La intendenta de Paraná celebró las resoluciones adoptadas por el Congreso Provincial del Partido Justicialista, pero una ola de críticas de militantes, dirigentes y congresales volvió a exponer las profundas divisiones internas. Las acusaciones apuntan a una estructura de poder vinculada a Guillermo Michel, Adán Bahl y la propia Romero, señalada por impulsar sanciones y decisiones previamente acordadas.

Por Redacción Pcv
Lo que pretendía ser una muestra de ordenamiento interno y fortalecimiento institucional del Partido Justicialista de Entre Ríos terminó exponiendo, una vez más, las profundas fracturas que atraviesan al peronismo provincial.
La intendenta de Paraná, Rosario Romero, utilizó sus redes sociales para reivindicar el reciente Congreso Provincial del PJ, destacando que allí se debatieron y definieron posiciones sobre temas centrales para la vida partidaria e institucional de Entre Ríos.
«Ratificamos la importancia de sostener las PASO como herramienta de participación democrática, aprobamos las resoluciones del Tribunal de Disciplina y expresamos nuestro rechazo a la reforma previsional impulsada por el Gobierno provincial», sostuvo la jefa comunal.
Sin embargo, su narrativa chocó rápidamente contra una realidad de disconformidad indiscutida en muchas las líneas del peronismo ya que decenas de dirigentes, militantes y congresales salieron a cuestionar públicamente lo ocurrido, denunciando falta de debate, expulsiones direccionadas y decisiones previamente acordadas por una estructura cada vez más cuestionada dentro del PJ.
«No debatieron nada»
Una de las respuestas más contundentes llegó de parte del ex diputado provincial Juan Albornoz, quien acusó a la conducción partidaria de haber utilizado mecanismos formales para imponer decisiones ya tomadas.
«Es mentira que debatieron, censuraron la expresión como hacen siempre, impusieron su criterio desprovisto de autoridad política y moral, aprovechando una mayoría circunstancial e imponiendo maniobras típicas de abogados o escribanos embusteros», escribió.
Pero no fue la única voz crítica
Debajo de la publicación de Romero comenzaron a multiplicarse los comentarios de afiliados y militantes que cuestionaron especialmente las expulsiones resueltas durante el Congreso, señalando que el peronismo atraviesa uno de los momentos más delicados de su historia reciente y que, lejos de buscar síntesis, la conducción optó por profundizar las divisiones internas.
«Nos llamaron para ver lo que ya tenían cocinado», escribió una militante.

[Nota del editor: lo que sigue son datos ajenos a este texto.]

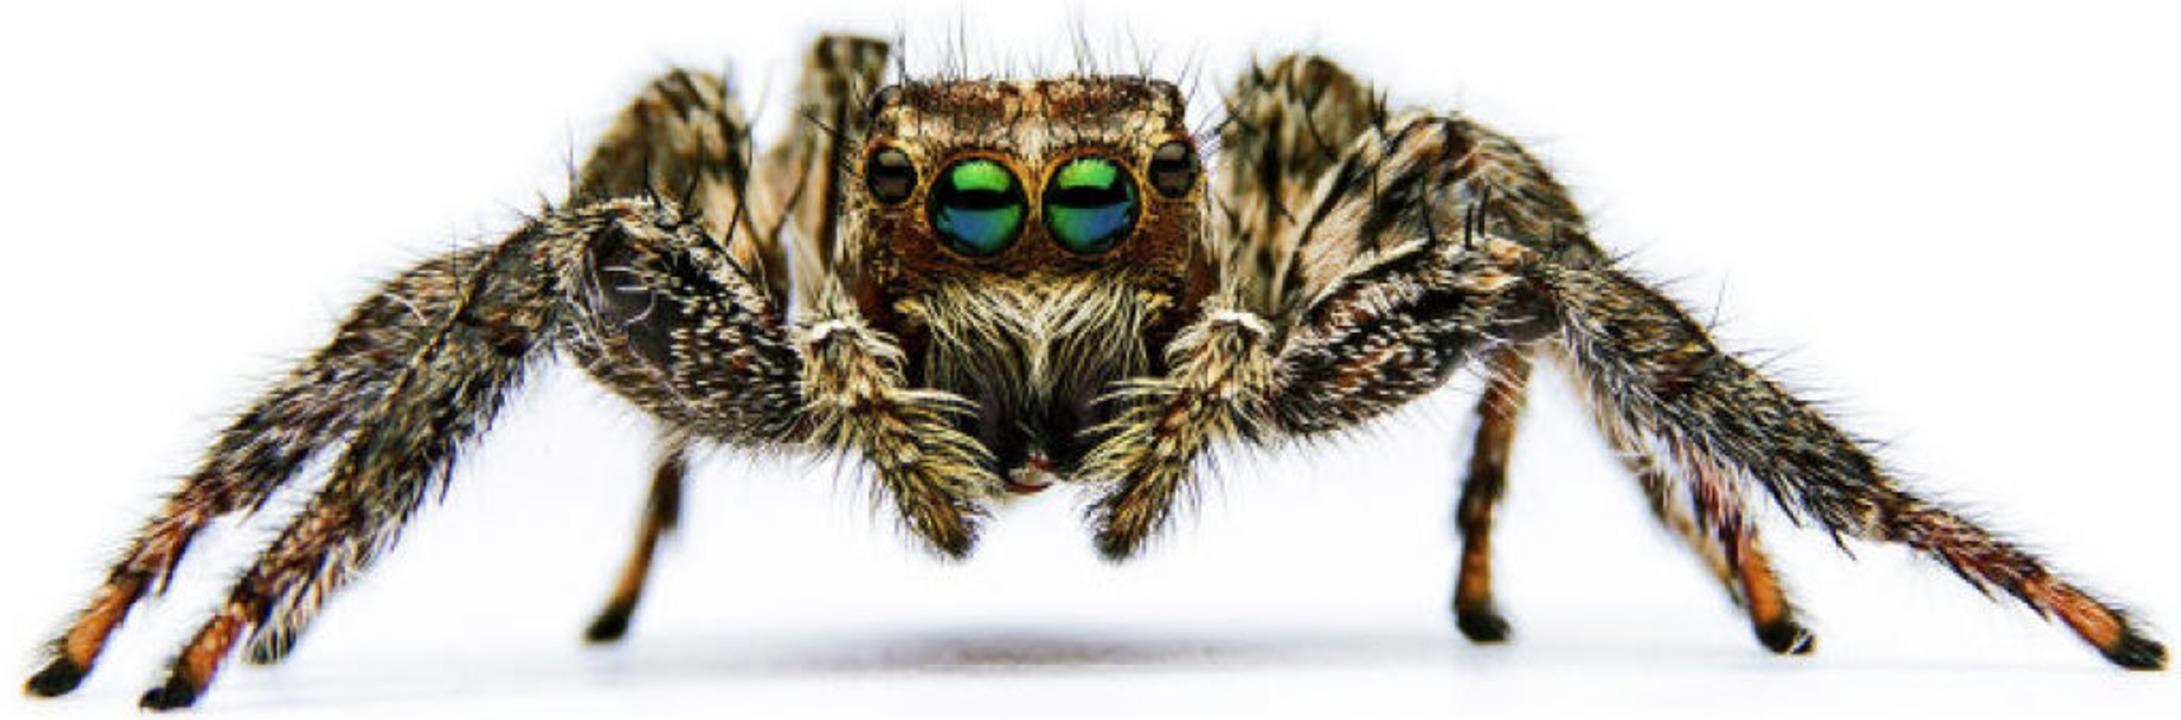 Albtraum jedes Spinnenphobikers: eine ...eide spinnt  sie Eikokons statt Netze.  | Foto: pichit1422  (stock.adobe.com)

Otro mensaje fue todavía más lejos: «En vez de Partido Justicialista se debe llamar Romerista y Michelista porque de justicia social ya no tiene nada».
La sombra de Michel, Bahl y la conducción partidaria
Buena parte de las críticas apuntan directamente a lo que algunos sectores identifican como un núcleo de poder integrado por Guillermo Michel, Adán Bahl, Rosario Romero y otros dirigentes de peso dentro de la estructura partidaria.
Según esta lectura, las expulsiones y sanciones aprobadas durante el Congreso formarían parte de una estrategia destinada a consolidar una conducción cerrada y disciplinar a los sectores internos que vienen cuestionando el rumbo político del justicialismo entrerriano.
La situación adquiere una dimensión todavía más delicada porque ocurre en un contexto donde el PJ intenta reconstruirse después de las derrotas electorales sufridas en 2023 y 2025.
Lejos de transmitir una imagen de renovación, el Congreso terminó reabriendo viejas discusiones sobre la concentración de poder, la falta de autocrítica y la escasa participación de las bases en la toma de decisiones. .
Las preguntas incómodas que nadie respondió
Entre los comentarios que acompañaron la publicación de Romero también aparecieron cuestionamientos vinculados a dirigentes que durante años ocuparon lugares centrales dentro del peronismo provincial.
«¿Y con Kueider qué hicieron?», preguntó uno de los usuarios. Otros mencionaron a Edgardo Kueider, Adán Bahl y Sergio Urribarri, reclamando una revisión más profunda de las responsabilidades políticas que llevaron al peronismo entrerriano a perder credibilidad ante amplios sectores de la sociedad.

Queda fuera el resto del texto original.